Data below:

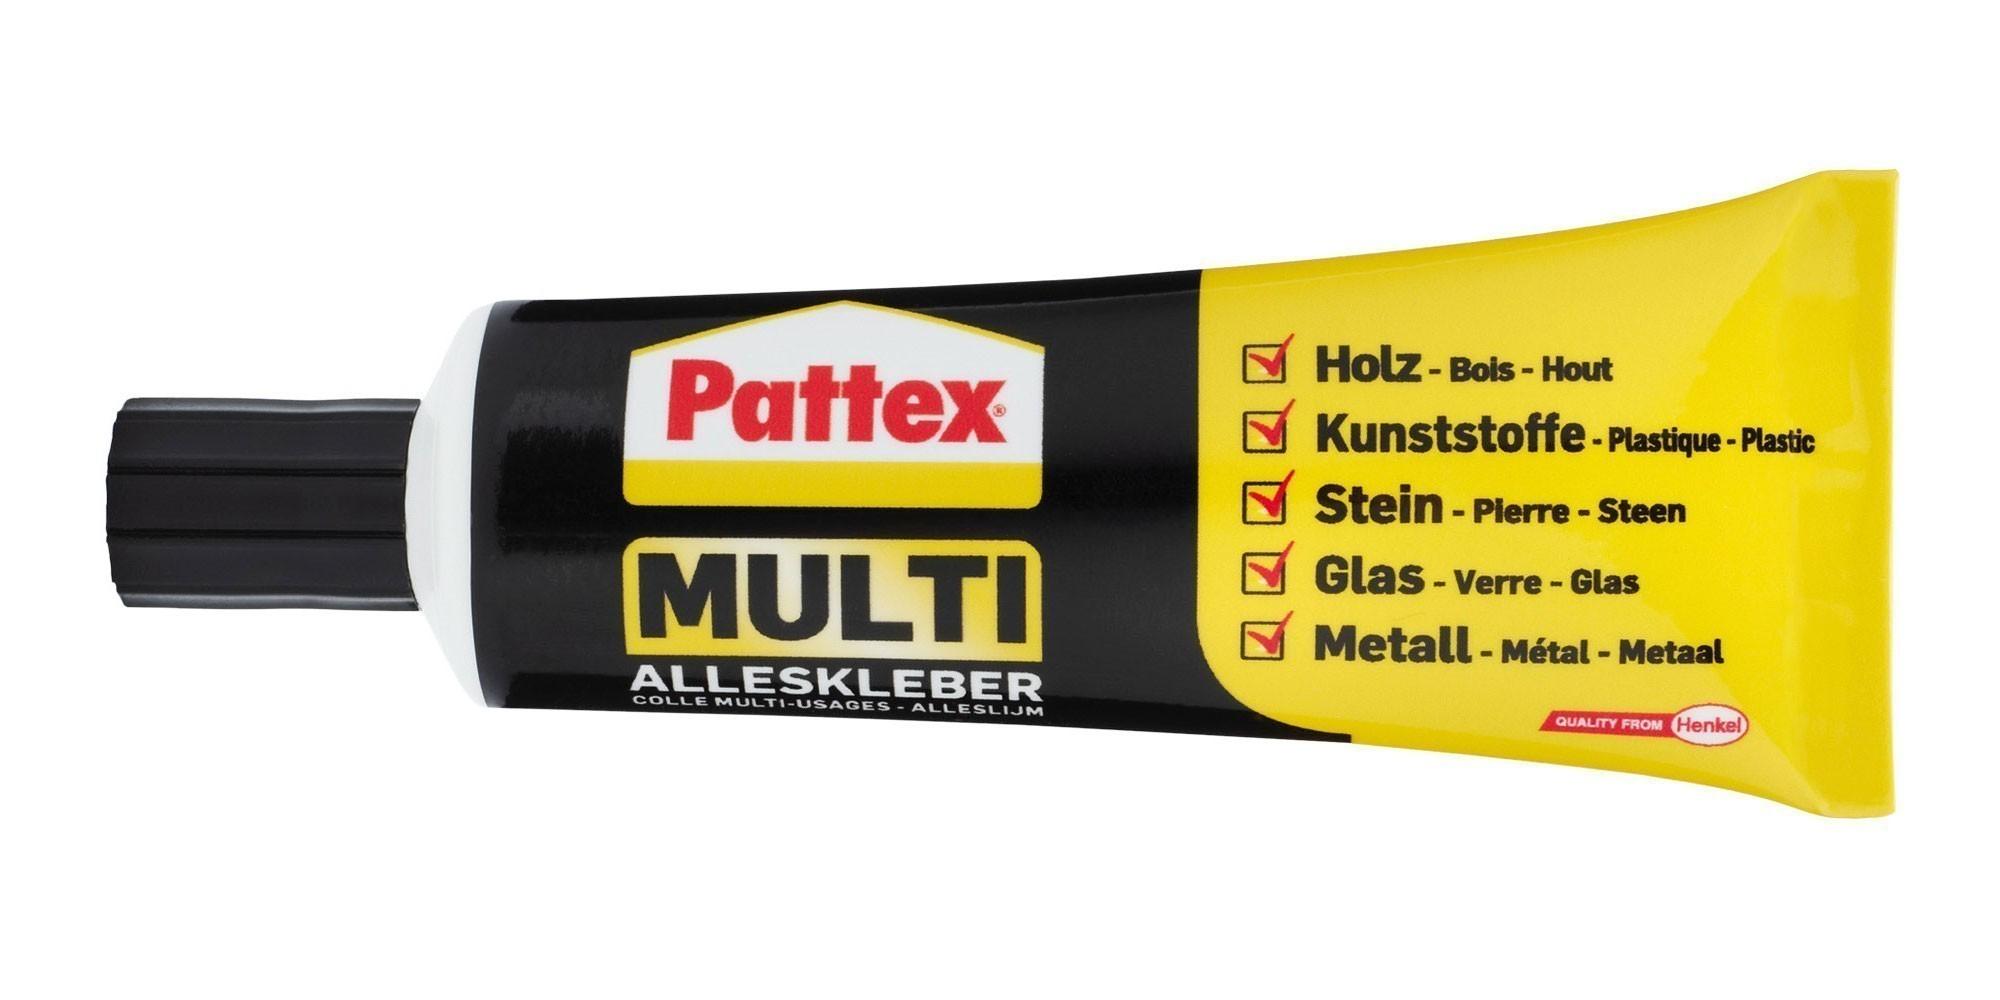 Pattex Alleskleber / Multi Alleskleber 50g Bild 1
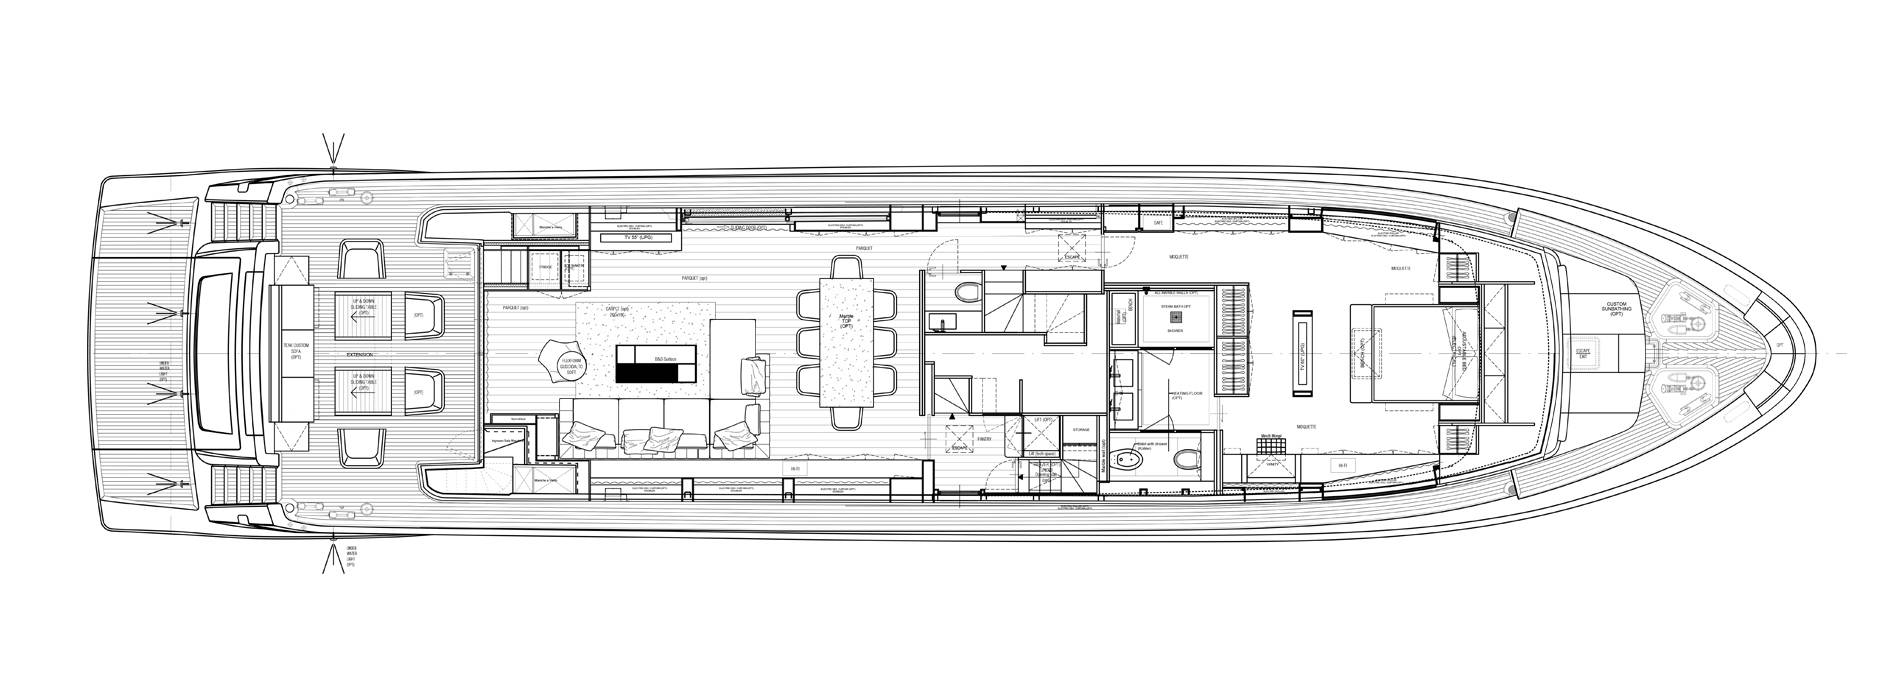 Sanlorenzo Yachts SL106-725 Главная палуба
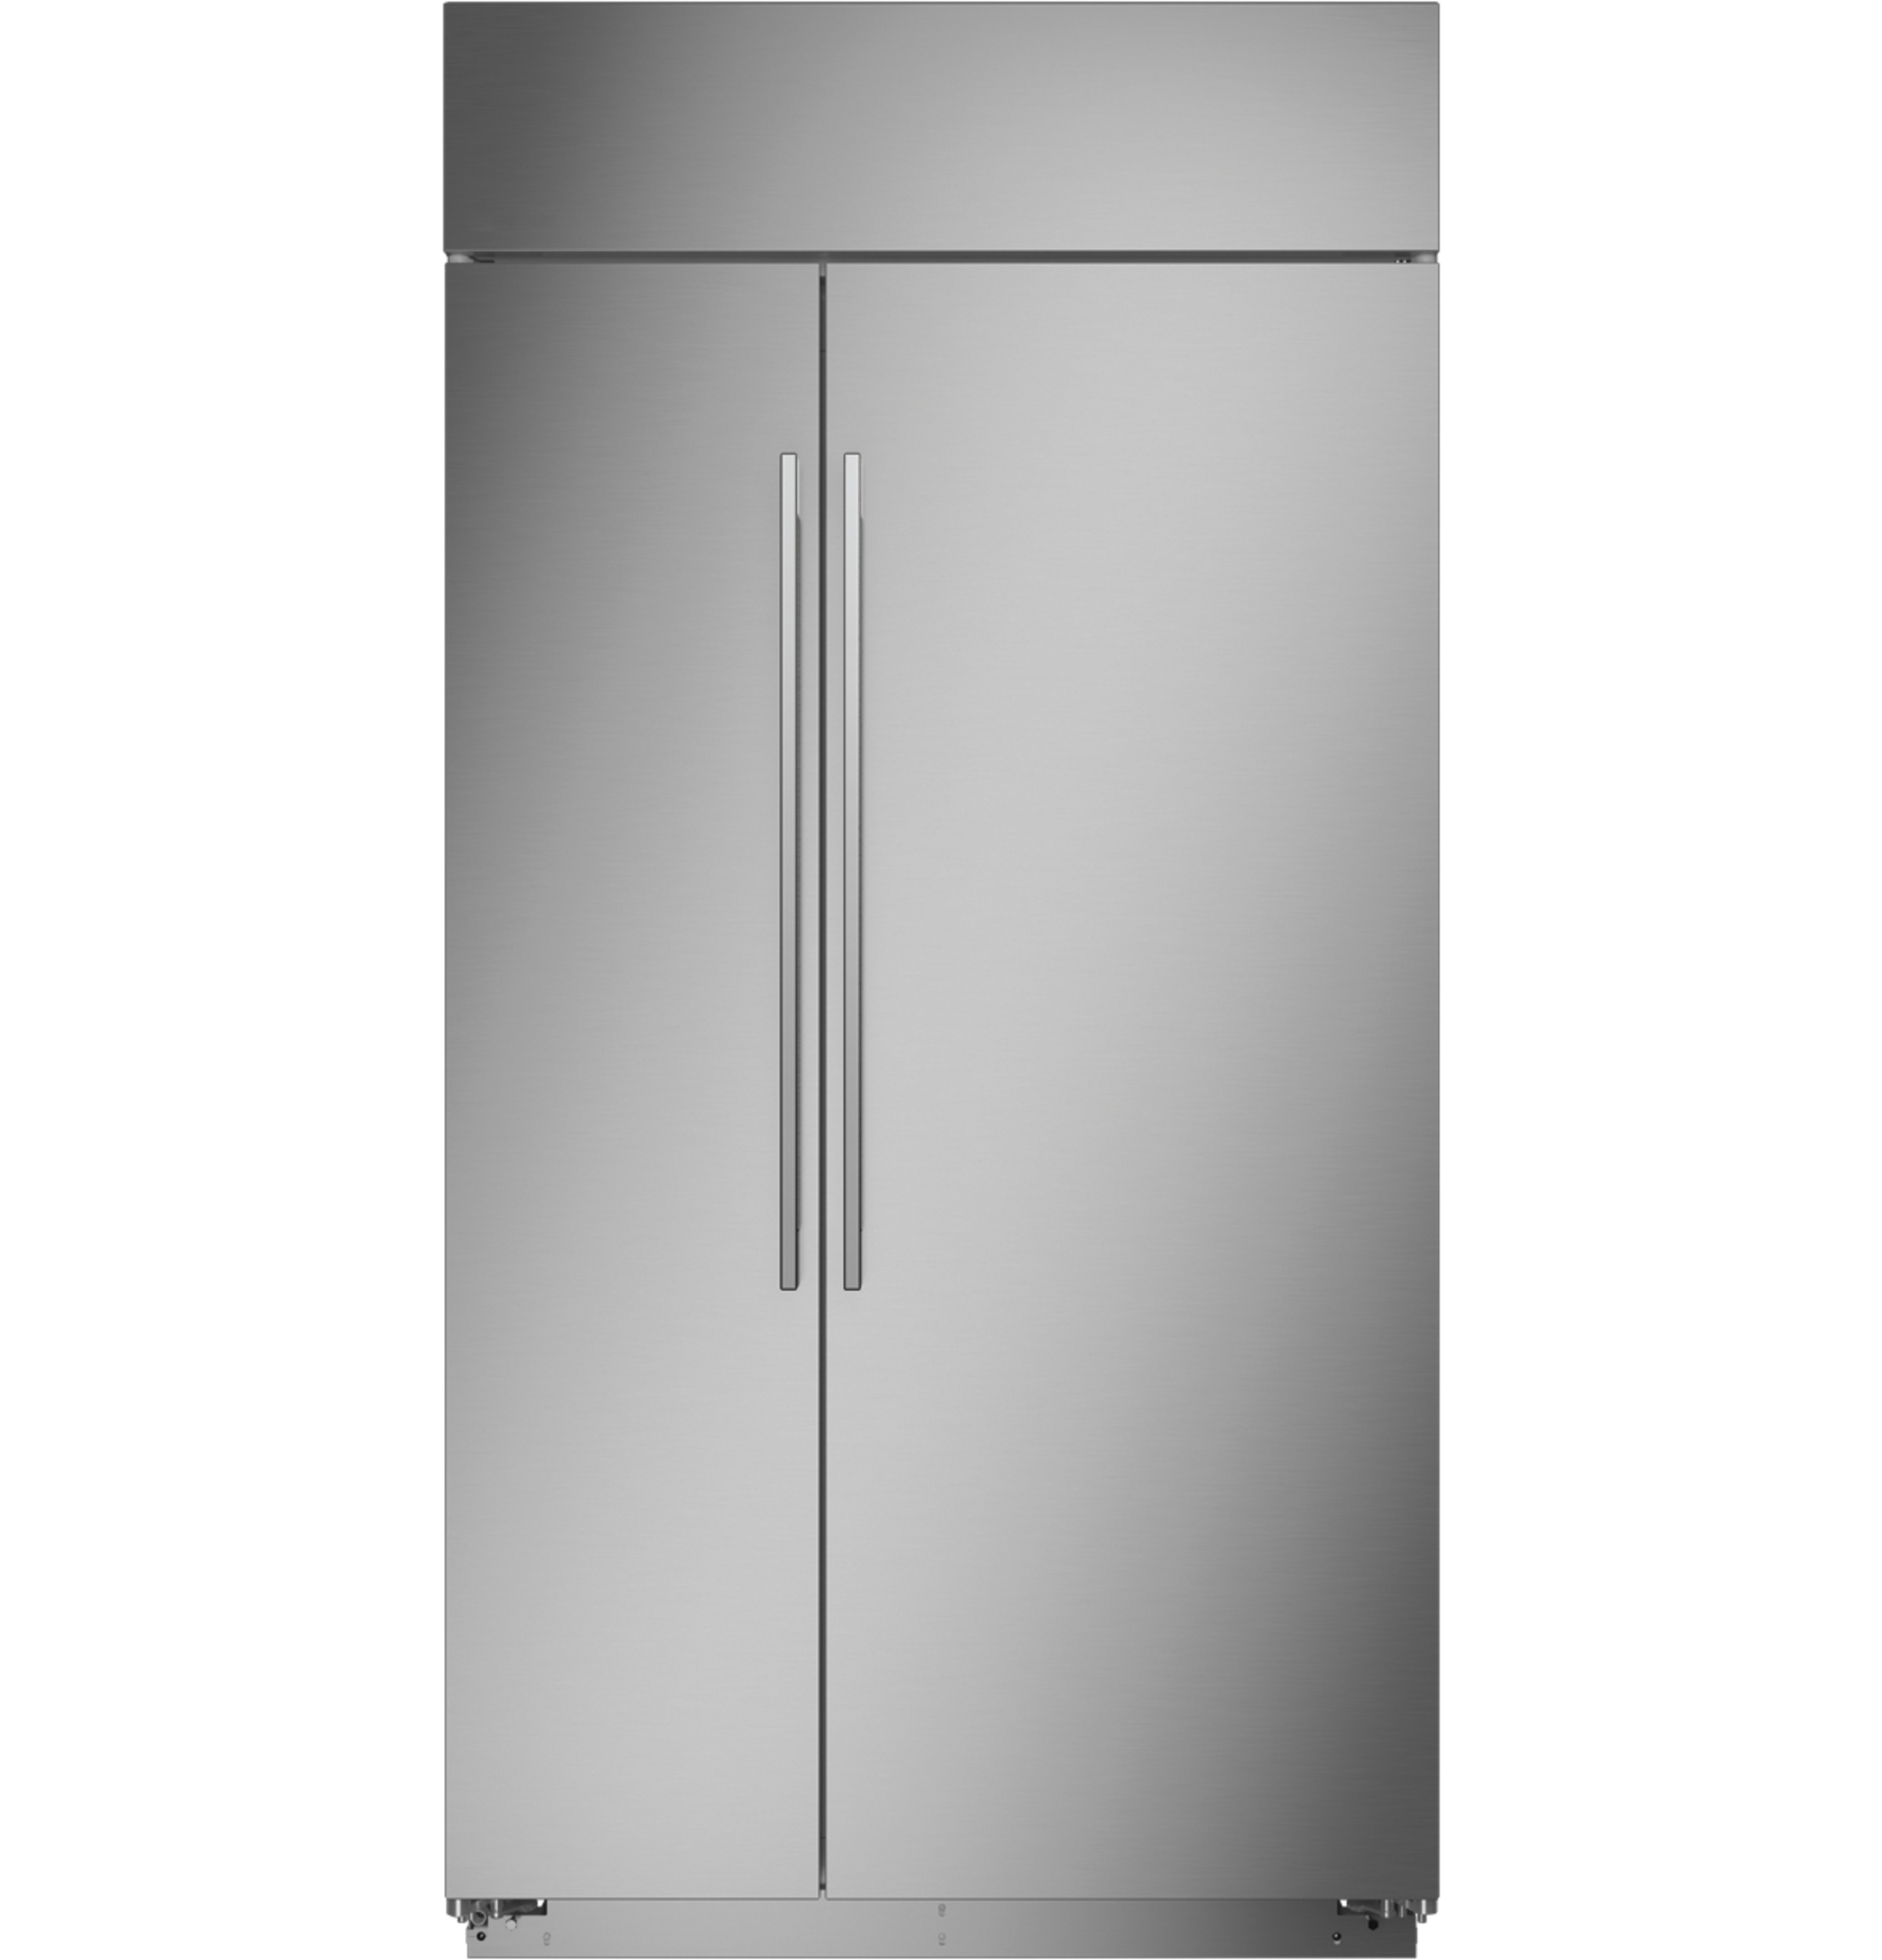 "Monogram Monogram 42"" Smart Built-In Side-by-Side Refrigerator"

About this task: Starting at the line that holds "Sanlorenzo Yachts SL106-725 Главная палуба", write out every remaining line of the material above exactly as it appears. Pictures should not be copied.

Expected answer:
 Sanlorenzo Yachts SL106-725 Главная палуба
 "Monogram Monogram 42"" Smart Built-In Side-by-Side Refrigerator"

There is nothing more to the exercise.